One of the most popular types of childcare costs that taxpayers claim is daycare costs. This group includes payments made to approved preschools, daycares, and other places that watch and care for kids while their parents are at work. Usually, the fees that the daycare or facility charges for caring for, supervising, and teaching the child are eligible costs.

Babysitting Expenses

Babysitting costs are paid to individual babysitters working in or around the taxpayer’s home to watch their children. This group includes payments made to babysitters, maids, or family members who are not claimed as dependents on the taxpayer’s tax return. To be eligible, the babysitter can’t be the taxpayer’s partner or a dependent of the taxpayer, and the care must allow the taxpayer to work or go to school.

After-School Program Expenses

There are costs associated with after-school programs that pay for events and care for kids after school. Tutoring, sports, arts and crafts, and other planned activities are sometimes part of these programs so kids can have fun while their parents work. 

How Much Can You Claim?

There are different amounts that people in Canada can claim for child care costs, depending on their income, the type of care their child got, and their child’s age. In general, taxpayers can claim a certain amount for each qualified child.

As of 2022, the most you can claim for childcare costs is $8,000 for each child under 7 years old, $5,000 for each child 7 to 16 years old, and $11,000 for each child who is qualified for the Disability Tax Credit. These limits could change, so it’s important to get the most up-to-date information from the Canada Revenue Agency (CRA) or a tax expert.

Claiming Child Care Expenses When Separated or Divorced

When parents in Canada are separated or divorced, it can be harder to get their child care costs reimbursed because they may not agree on who should have custody of the kid. Usually, only one parent can claim child care costs on their tax return. This is usually the parent who lives with the child the most and pays the most for babysitting.

However, the CRA lets parents switch who claims childcare costs if they share or have shared custody. In this case, the parents can agree to take turns claiming the benefit each year or divide the costs evenly based on how much time the child spends with each parent. Talking to a family lawyer or tax expert can help you figure out how to handle these complicated situations. 

What are the Benefits of Claiming Child Care Expenses on Taxes 2024

In 2024, qualified Canadian taxpayers can get many benefits from deducting child care costs.

For starters, claiming these costs can lower your taxable income, which could mean a lower total tax bill.
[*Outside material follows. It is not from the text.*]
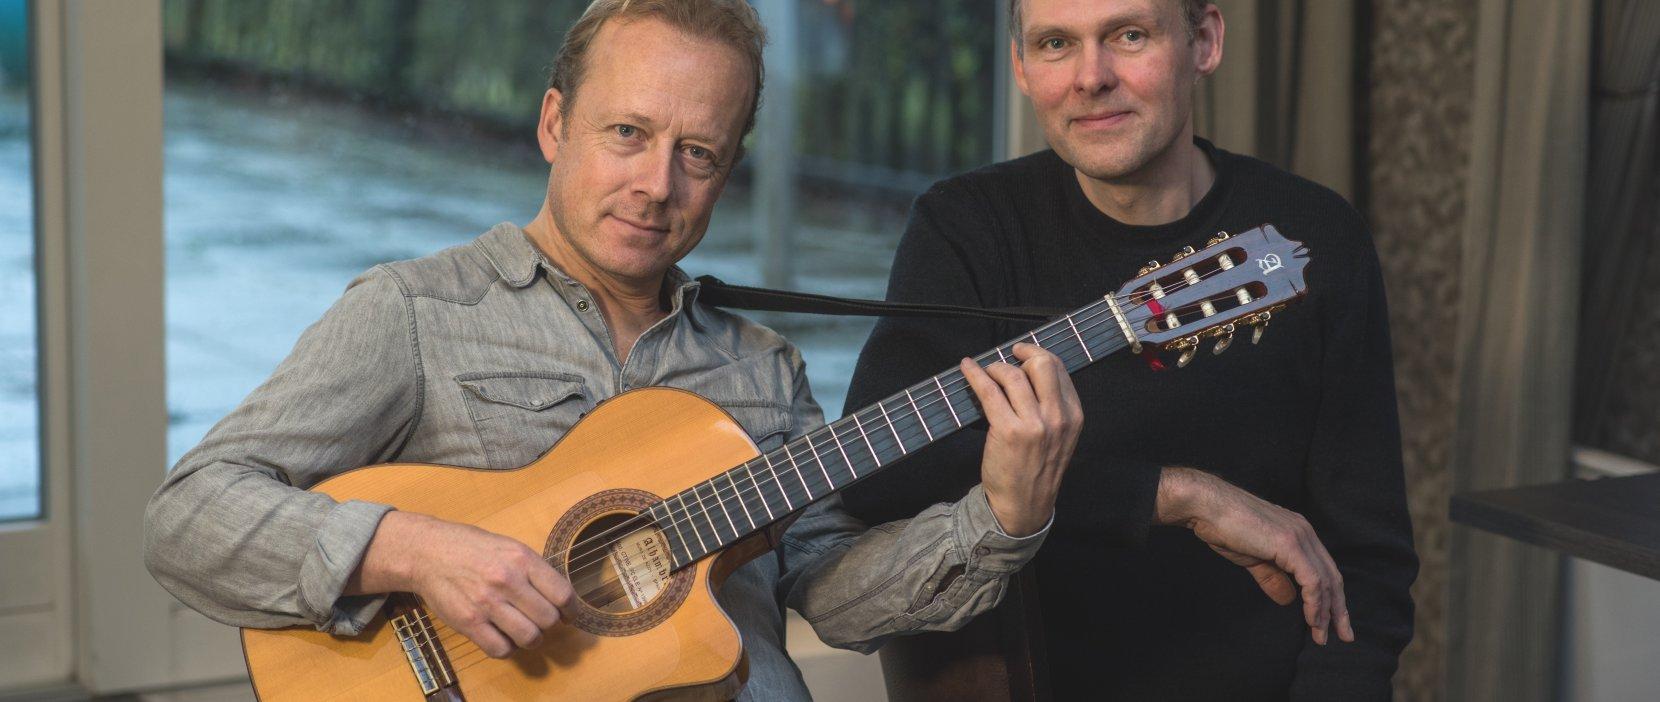 Foto af undervisere i guitar
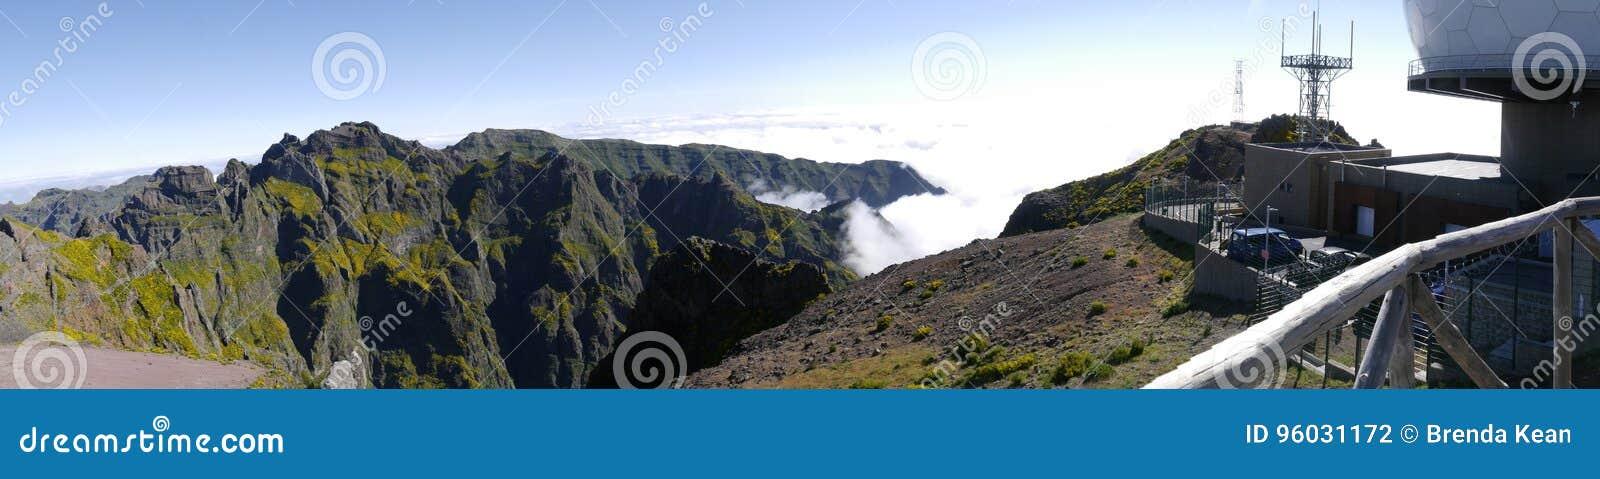 Радиолокационная станция противовоздушнаяа оборона на Pico делает Arieiro, на 1.818 m высокий, самая высокая вершина ` s третьего

This could help families who are having a hard time paying for child care.

Second, taxpayers who claim childcare costs may be eligible for tax credits or deductions, such as the Child Care Tax Credit or the Child Care Expenses Deduction, which can even lower their tax bill.

Taxpayers can also better control their household budgets by claiming childcare costs. This is because they may get refunds or credits from the government to help pay for some of the childcare costs.


In conclusion, Canadian families can get much money back on their taxes by deducting child care costs. Since childcare costs are still a big issue for many families, people need to take advantage of all available tax deductions and credits. It helps families better handle their money and use their resources, which protects the health and stability of their homes.


Can I Claim Child Care Expenses Without Claiming the Child?

No, in Canada you can’t claim child care costs on your taxes unless you can claim the child as a dependent. You can’t write off the cost of child care for a child who isn’t your dependent on your taxes.

What Happens if I Don’t Claim Child Care Expenses?

If you are eligible to claim child care costs but choose not to, you could lose out on tax credits or benefits that could lower your tax bill. If you don’t claim these costs, you might pay more in taxes than you need to.

When are Child Care Expenses Paid?

Usually, child care costs are spread out over the year and paid for as they come up. Some of these costs could be paying daycares, babysitters, or other providers. To back up your claim when you file your taxes, it’s important to keep thorough records of these payments, such as receipts and bills.